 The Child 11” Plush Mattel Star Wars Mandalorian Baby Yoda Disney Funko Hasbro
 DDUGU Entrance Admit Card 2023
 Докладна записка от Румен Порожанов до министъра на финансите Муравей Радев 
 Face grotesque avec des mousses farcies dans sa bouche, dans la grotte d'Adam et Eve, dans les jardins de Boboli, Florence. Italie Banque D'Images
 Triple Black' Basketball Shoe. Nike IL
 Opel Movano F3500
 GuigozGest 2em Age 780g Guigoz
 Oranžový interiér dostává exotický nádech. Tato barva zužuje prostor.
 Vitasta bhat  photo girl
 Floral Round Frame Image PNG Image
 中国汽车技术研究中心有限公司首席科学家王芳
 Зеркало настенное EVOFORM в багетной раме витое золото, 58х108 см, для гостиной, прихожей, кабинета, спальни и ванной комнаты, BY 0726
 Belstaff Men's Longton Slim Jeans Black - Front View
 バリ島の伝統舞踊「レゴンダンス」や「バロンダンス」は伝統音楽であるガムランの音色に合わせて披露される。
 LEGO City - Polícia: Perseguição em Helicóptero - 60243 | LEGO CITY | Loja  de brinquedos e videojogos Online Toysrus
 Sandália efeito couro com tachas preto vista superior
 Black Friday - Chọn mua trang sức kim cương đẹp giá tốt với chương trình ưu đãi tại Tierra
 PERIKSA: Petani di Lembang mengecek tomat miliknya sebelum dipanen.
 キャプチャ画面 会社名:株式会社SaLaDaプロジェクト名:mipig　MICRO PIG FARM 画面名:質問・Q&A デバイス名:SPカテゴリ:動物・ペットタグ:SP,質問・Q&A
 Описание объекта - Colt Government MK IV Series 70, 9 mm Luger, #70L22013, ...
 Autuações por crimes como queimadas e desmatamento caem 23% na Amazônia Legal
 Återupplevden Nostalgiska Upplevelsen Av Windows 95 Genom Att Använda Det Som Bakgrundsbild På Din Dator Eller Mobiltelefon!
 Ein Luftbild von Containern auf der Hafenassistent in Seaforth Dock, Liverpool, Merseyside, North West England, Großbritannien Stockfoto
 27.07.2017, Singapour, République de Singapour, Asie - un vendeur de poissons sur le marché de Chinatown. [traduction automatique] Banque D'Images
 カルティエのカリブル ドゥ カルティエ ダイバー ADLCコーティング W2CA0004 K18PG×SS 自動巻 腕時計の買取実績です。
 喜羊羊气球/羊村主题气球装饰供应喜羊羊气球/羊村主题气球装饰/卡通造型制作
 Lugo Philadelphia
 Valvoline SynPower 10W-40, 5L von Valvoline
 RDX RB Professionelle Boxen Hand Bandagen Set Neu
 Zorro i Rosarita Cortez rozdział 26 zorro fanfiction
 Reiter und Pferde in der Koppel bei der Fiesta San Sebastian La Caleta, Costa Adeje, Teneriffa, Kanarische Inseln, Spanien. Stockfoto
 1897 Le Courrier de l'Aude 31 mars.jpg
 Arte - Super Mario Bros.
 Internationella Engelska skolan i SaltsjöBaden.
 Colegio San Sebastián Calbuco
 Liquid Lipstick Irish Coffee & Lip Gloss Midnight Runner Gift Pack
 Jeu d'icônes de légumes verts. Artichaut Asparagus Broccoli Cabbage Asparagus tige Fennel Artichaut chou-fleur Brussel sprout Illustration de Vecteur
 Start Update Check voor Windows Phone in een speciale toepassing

..........

Output the listing exactly. Leave no line out.

## [Result of the exercise]
 The Child 11” Plush Mattel Star Wars Mandalorian Baby Yoda Disney Funko Hasbro
 DDUGU Entrance Admit Card 2023
 Докладна записка от Румен Порожанов до министъра на финансите Муравей Радев 
 Face grotesque avec des mousses farcies dans sa bouche, dans la grotte d'Adam et Eve, dans les jardins de Boboli, Florence. Italie Banque D'Images
 Triple Black' Basketball Shoe. Nike IL
 Opel Movano F3500
 GuigozGest 2em Age 780g Guigoz
 Oranžový interiér dostává exotický nádech. Tato barva zužuje prostor.
 Vitasta bhat  photo girl
 Floral Round Frame Image PNG Image
 中国汽车技术研究中心有限公司首席科学家王芳
 Зеркало настенное EVOFORM в багетной раме витое золото, 58х108 см, для гостиной, прихожей, кабинета, спальни и ванной комнаты, BY 0726
 Belstaff Men's Longton Slim Jeans Black - Front View
 バリ島の伝統舞踊「レゴンダンス」や「バロンダンス」は伝統音楽であるガムランの音色に合わせて披露される。
 LEGO City - Polícia: Perseguição em Helicóptero - 60243 | LEGO CITY | Loja  de brinquedos e videojogos Online Toysrus
 Sandália efeito couro com tachas preto vista superior
 Black Friday - Chọn mua trang sức kim cương đẹp giá tốt với chương trình ưu đãi tại Tierra
 PERIKSA: Petani di Lembang mengecek tomat miliknya sebelum dipanen.
 キャプチャ画面 会社名:株式会社SaLaDaプロジェクト名:mipig　MICRO PIG FARM 画面名:質問・Q&A デバイス名:SPカテゴリ:動物・ペットタグ:SP,質問・Q&A
 Описание объекта - Colt Government MK IV Series 70, 9 mm Luger, #70L22013, ...
 Autuações por crimes como queimadas e desmatamento caem 23% na Amazônia Legal
 Återupplevden Nostalgiska Upplevelsen Av Windows 95 Genom Att Använda Det Som Bakgrundsbild På Din Dator Eller Mobiltelefon!
 Ein Luftbild von Containern auf der Hafenassistent in Seaforth Dock, Liverpool, Merseyside, North West England, Großbritannien Stockfoto
 27.07.2017, Singapour, République de Singapour, Asie - un vendeur de poissons sur le marché de Chinatown. [traduction automatique] Banque D'Images
 カルティエのカリブル ドゥ カルティエ ダイバー ADLCコーティング W2CA0004 K18PG×SS 自動巻 腕時計の買取実績です。
 喜羊羊气球/羊村主题气球装饰供应喜羊羊气球/羊村主题气球装饰/卡通造型制作
 Lugo Philadelphia
 Valvoline SynPower 10W-40, 5L von Valvoline
 RDX RB Professionelle Boxen Hand Bandagen Set Neu
 Zorro i Rosarita Cortez rozdział 26 zorro fanfiction
 Reiter und Pferde in der Koppel bei der Fiesta San Sebastian La Caleta, Costa Adeje, Teneriffa, Kanarische Inseln, Spanien. Stockfoto
 1897 Le Courrier de l'Aude 31 mars.jpg
 Arte - Super Mario Bros.
 Internationella Engelska skolan i SaltsjöBaden.
 Colegio San Sebastián Calbuco
 Liquid Lipstick Irish Coffee & Lip Gloss Midnight Runner Gift Pack
 Jeu d'icônes de légumes verts. Artichaut Asparagus Broccoli Cabbage Asparagus tige Fennel Artichaut chou-fleur Brussel sprout Illustration de Vecteur
 Start Update Check voor Windows Phone in een speciale toepassing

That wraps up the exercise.